-- TASK --
In the data below, find the line containing "Gobi Desert, Mongolian", then set down that line and every later line up to and including the line containing "church of st.", exactly.

*** Opening MATERIAL FOR THIS EXERCISE ***

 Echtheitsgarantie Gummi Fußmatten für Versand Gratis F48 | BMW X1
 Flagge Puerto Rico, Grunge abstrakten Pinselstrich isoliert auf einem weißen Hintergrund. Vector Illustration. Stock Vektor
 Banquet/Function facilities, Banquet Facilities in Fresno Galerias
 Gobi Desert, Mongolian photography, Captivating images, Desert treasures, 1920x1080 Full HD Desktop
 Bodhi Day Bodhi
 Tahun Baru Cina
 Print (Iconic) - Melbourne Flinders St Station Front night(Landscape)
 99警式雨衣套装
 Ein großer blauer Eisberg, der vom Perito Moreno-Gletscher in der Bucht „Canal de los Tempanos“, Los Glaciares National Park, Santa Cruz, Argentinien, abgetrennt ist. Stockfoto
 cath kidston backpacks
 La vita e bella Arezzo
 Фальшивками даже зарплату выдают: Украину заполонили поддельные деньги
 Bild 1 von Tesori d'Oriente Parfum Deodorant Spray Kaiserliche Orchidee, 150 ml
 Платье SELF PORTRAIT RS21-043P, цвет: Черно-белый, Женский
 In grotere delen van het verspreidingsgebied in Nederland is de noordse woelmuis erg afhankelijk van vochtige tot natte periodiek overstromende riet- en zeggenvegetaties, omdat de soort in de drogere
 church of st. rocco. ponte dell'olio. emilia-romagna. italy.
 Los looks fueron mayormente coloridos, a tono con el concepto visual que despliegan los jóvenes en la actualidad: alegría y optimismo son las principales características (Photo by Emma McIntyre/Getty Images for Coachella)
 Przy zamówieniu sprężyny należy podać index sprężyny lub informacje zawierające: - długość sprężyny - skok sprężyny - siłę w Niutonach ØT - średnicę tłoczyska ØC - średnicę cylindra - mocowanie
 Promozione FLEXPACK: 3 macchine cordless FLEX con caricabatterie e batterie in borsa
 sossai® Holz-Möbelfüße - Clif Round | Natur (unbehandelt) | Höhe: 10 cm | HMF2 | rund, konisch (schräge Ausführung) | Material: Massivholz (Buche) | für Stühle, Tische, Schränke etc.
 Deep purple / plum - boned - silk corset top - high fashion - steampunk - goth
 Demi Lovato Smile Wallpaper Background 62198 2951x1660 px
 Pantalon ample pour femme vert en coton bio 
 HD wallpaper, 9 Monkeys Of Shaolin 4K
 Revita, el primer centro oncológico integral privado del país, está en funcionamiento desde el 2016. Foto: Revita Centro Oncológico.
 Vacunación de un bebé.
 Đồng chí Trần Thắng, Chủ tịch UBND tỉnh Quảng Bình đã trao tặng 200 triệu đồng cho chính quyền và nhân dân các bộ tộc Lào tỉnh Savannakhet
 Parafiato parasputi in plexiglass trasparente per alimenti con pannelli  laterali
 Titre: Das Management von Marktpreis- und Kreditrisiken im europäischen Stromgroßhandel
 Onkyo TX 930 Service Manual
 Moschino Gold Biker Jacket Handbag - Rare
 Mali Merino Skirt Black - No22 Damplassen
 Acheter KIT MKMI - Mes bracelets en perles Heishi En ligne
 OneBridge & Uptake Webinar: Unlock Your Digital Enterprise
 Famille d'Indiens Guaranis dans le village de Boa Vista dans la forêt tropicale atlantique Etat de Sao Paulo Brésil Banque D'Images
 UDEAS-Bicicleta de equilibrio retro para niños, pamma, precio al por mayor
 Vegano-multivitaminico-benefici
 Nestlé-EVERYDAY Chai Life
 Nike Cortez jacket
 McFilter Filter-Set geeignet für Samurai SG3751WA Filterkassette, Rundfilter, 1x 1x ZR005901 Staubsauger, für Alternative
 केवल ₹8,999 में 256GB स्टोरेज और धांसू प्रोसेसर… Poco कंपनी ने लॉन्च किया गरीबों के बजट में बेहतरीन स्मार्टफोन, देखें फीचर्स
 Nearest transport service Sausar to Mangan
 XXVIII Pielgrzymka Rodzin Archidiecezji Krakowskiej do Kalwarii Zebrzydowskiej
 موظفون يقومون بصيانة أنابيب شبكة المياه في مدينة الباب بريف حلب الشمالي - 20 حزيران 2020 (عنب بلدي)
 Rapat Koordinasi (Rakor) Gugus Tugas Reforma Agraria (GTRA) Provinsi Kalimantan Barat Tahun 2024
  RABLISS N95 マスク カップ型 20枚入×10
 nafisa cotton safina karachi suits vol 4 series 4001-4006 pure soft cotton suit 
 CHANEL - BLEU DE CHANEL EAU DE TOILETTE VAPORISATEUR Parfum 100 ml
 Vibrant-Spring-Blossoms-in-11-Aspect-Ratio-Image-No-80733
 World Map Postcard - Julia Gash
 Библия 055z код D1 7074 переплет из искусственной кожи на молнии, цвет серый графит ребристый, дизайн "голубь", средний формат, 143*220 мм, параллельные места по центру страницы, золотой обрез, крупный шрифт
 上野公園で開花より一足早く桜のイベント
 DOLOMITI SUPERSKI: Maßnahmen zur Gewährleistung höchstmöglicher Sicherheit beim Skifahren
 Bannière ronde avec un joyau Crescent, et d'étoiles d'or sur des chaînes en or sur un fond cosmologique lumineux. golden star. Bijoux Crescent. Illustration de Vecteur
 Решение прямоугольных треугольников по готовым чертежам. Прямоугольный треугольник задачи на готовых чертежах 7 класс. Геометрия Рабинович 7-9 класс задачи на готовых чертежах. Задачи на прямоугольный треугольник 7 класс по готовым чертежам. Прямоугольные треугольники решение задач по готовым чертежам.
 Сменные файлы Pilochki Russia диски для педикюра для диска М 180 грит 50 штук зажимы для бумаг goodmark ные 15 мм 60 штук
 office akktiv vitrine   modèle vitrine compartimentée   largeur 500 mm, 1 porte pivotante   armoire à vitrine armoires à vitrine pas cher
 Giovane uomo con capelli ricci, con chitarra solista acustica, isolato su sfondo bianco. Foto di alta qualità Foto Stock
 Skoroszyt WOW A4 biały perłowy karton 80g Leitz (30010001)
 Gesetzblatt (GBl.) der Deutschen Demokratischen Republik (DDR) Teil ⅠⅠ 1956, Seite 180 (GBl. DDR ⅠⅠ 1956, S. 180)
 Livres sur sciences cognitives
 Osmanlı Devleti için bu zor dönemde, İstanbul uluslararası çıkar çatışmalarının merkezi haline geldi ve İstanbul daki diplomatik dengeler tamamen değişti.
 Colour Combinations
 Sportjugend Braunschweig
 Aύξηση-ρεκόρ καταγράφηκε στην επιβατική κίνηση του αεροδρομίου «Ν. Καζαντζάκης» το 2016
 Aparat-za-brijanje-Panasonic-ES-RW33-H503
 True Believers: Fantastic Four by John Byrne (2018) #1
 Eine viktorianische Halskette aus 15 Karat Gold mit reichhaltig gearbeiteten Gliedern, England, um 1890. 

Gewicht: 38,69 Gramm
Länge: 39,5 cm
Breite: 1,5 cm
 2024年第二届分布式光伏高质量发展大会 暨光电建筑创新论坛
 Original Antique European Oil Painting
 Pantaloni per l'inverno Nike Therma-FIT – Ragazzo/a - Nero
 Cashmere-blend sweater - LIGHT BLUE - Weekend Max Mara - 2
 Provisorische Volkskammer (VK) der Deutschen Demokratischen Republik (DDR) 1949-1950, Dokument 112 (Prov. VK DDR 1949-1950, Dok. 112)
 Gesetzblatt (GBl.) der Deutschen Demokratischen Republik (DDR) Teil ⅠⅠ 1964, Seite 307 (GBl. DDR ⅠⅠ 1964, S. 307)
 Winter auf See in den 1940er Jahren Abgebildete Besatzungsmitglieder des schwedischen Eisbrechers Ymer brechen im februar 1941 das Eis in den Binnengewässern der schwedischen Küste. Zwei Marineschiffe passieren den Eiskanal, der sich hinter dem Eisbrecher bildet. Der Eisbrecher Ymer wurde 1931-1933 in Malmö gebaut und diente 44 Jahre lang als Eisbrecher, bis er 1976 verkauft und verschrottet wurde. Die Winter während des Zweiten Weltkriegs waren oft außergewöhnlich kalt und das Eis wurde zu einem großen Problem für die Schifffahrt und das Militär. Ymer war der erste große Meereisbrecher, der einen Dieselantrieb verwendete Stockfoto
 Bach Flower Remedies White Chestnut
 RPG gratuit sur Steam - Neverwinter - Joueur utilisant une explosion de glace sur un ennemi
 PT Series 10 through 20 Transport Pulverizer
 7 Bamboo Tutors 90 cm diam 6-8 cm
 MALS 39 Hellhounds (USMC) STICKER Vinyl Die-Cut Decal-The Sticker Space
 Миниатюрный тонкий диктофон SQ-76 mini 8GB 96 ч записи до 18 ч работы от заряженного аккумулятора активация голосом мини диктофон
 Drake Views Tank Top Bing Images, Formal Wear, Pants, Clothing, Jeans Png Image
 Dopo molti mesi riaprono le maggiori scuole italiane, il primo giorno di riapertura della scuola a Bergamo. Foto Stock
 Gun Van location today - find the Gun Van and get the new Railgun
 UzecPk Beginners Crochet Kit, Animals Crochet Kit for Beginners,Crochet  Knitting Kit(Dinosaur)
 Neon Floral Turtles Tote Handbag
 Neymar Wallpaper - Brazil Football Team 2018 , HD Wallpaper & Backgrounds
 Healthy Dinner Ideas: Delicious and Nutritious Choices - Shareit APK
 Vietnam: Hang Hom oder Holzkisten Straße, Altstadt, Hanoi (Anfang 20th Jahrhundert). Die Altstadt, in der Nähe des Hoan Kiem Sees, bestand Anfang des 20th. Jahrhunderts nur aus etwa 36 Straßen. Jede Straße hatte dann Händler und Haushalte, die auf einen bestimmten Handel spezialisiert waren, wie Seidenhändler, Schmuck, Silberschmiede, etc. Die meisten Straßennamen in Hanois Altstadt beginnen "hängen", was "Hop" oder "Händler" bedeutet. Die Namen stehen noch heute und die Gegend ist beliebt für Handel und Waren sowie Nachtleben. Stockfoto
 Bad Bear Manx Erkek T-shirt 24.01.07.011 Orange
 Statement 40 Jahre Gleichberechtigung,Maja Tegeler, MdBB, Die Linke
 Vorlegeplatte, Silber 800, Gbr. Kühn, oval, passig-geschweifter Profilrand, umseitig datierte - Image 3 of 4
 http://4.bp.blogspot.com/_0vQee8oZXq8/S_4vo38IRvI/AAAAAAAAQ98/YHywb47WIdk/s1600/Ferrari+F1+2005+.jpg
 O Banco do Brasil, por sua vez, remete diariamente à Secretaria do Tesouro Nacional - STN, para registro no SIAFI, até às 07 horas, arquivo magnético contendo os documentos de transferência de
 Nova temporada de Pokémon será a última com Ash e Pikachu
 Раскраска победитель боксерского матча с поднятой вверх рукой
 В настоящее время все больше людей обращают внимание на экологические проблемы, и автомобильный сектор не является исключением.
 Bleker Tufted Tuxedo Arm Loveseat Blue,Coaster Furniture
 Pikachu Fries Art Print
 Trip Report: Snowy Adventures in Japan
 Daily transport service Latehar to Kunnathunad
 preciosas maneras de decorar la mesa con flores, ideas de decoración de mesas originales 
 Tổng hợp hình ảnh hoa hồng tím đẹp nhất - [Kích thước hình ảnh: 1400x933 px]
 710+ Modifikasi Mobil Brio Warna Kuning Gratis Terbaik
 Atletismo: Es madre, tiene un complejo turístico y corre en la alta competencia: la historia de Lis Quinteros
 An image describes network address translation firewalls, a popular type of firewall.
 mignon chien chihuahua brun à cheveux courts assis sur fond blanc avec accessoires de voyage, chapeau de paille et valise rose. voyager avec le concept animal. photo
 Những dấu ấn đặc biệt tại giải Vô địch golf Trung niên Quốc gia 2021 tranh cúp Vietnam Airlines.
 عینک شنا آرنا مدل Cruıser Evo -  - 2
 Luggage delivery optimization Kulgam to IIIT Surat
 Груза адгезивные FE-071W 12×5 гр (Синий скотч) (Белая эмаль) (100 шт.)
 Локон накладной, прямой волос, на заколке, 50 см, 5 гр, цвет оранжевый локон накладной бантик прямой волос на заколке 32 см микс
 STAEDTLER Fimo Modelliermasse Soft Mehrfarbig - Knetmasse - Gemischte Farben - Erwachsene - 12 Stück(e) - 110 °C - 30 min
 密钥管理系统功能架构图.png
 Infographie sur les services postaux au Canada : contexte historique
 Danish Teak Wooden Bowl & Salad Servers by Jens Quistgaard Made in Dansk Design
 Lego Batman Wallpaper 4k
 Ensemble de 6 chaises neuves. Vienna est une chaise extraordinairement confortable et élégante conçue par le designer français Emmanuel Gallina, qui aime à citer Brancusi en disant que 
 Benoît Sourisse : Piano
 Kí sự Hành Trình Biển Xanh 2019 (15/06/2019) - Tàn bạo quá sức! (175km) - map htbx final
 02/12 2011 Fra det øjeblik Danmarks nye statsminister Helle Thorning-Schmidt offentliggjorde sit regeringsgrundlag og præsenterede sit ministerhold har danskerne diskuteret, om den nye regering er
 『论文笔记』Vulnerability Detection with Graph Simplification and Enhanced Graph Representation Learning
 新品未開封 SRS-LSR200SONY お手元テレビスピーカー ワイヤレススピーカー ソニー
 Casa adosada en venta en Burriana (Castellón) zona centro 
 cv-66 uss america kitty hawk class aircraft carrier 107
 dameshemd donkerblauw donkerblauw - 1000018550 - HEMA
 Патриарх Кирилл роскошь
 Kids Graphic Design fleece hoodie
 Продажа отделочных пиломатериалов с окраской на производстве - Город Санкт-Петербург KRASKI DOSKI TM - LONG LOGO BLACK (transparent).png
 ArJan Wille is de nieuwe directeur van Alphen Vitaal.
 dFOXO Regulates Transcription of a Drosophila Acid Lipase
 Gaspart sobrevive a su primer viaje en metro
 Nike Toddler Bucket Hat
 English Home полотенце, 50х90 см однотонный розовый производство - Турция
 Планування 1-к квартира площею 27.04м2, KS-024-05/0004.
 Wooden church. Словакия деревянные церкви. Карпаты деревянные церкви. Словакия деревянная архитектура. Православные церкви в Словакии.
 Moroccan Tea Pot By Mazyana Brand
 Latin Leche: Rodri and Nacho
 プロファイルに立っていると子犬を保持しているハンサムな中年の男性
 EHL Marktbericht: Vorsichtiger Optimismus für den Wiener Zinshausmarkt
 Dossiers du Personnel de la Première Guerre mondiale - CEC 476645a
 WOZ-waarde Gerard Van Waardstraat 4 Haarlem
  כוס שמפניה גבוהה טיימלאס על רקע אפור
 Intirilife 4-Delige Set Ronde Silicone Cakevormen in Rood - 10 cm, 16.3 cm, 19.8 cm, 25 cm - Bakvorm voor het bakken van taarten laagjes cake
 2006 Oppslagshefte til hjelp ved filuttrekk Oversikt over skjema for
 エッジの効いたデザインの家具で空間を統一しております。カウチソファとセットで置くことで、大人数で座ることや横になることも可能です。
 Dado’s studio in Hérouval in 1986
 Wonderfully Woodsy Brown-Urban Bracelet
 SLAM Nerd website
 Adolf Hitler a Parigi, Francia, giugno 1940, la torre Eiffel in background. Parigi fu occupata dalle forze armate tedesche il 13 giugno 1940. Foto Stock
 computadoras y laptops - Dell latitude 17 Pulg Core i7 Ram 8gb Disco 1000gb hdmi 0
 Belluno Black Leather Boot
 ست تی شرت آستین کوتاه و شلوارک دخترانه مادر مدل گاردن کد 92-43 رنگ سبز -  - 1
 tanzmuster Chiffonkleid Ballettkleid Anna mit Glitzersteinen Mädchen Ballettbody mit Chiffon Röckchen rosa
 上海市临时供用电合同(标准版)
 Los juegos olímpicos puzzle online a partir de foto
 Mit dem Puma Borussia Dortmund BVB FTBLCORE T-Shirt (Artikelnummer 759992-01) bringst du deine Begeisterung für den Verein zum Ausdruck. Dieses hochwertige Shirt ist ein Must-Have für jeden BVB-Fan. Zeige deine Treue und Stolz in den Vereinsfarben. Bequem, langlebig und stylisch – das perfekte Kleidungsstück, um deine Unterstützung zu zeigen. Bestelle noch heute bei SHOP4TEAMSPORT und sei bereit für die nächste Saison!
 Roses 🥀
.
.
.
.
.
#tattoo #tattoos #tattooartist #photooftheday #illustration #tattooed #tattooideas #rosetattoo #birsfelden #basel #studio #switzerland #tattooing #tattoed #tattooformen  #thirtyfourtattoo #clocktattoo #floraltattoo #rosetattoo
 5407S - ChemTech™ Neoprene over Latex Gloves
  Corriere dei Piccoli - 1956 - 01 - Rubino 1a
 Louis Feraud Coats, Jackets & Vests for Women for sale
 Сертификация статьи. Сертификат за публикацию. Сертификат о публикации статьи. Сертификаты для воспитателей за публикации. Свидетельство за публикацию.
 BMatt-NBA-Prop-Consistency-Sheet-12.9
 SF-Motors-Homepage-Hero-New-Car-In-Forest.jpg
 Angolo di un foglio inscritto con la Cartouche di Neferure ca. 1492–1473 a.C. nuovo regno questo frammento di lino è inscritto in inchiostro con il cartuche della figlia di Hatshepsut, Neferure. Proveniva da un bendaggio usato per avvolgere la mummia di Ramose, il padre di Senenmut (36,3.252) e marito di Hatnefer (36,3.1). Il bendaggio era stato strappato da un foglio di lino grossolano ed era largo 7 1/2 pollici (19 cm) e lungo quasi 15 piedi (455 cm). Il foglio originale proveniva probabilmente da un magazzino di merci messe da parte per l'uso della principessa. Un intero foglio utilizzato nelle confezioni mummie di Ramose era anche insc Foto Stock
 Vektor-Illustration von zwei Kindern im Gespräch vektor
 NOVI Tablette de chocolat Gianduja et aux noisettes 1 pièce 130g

*** Closing MATERIAL FOR THIS EXERCISE ***

-- ANSWER TO THIS EXERCISE --
 Gobi Desert, Mongolian photography, Captivating images, Desert treasures, 1920x1080 Full HD Desktop
 Bodhi Day Bodhi
 Tahun Baru Cina
 Print (Iconic) - Melbourne Flinders St Station Front night(Landscape)
 99警式雨衣套装
 Ein großer blauer Eisberg, der vom Perito Moreno-Gletscher in der Bucht „Canal de los Tempanos“, Los Glaciares National Park, Santa Cruz, Argentinien, abgetrennt ist. Stockfoto
 cath kidston backpacks
 La vita e bella Arezzo
 Фальшивками даже зарплату выдают: Украину заполонили поддельные деньги
 Bild 1 von Tesori d'Oriente Parfum Deodorant Spray Kaiserliche Orchidee, 150 ml
 Платье SELF PORTRAIT RS21-043P, цвет: Черно-белый, Женский
 In grotere delen van het verspreidingsgebied in Nederland is de noordse woelmuis erg afhankelijk van vochtige tot natte periodiek overstromende riet- en zeggenvegetaties, omdat de soort in de drogere
 church of st. rocco. ponte dell'olio. emilia-romagna. italy.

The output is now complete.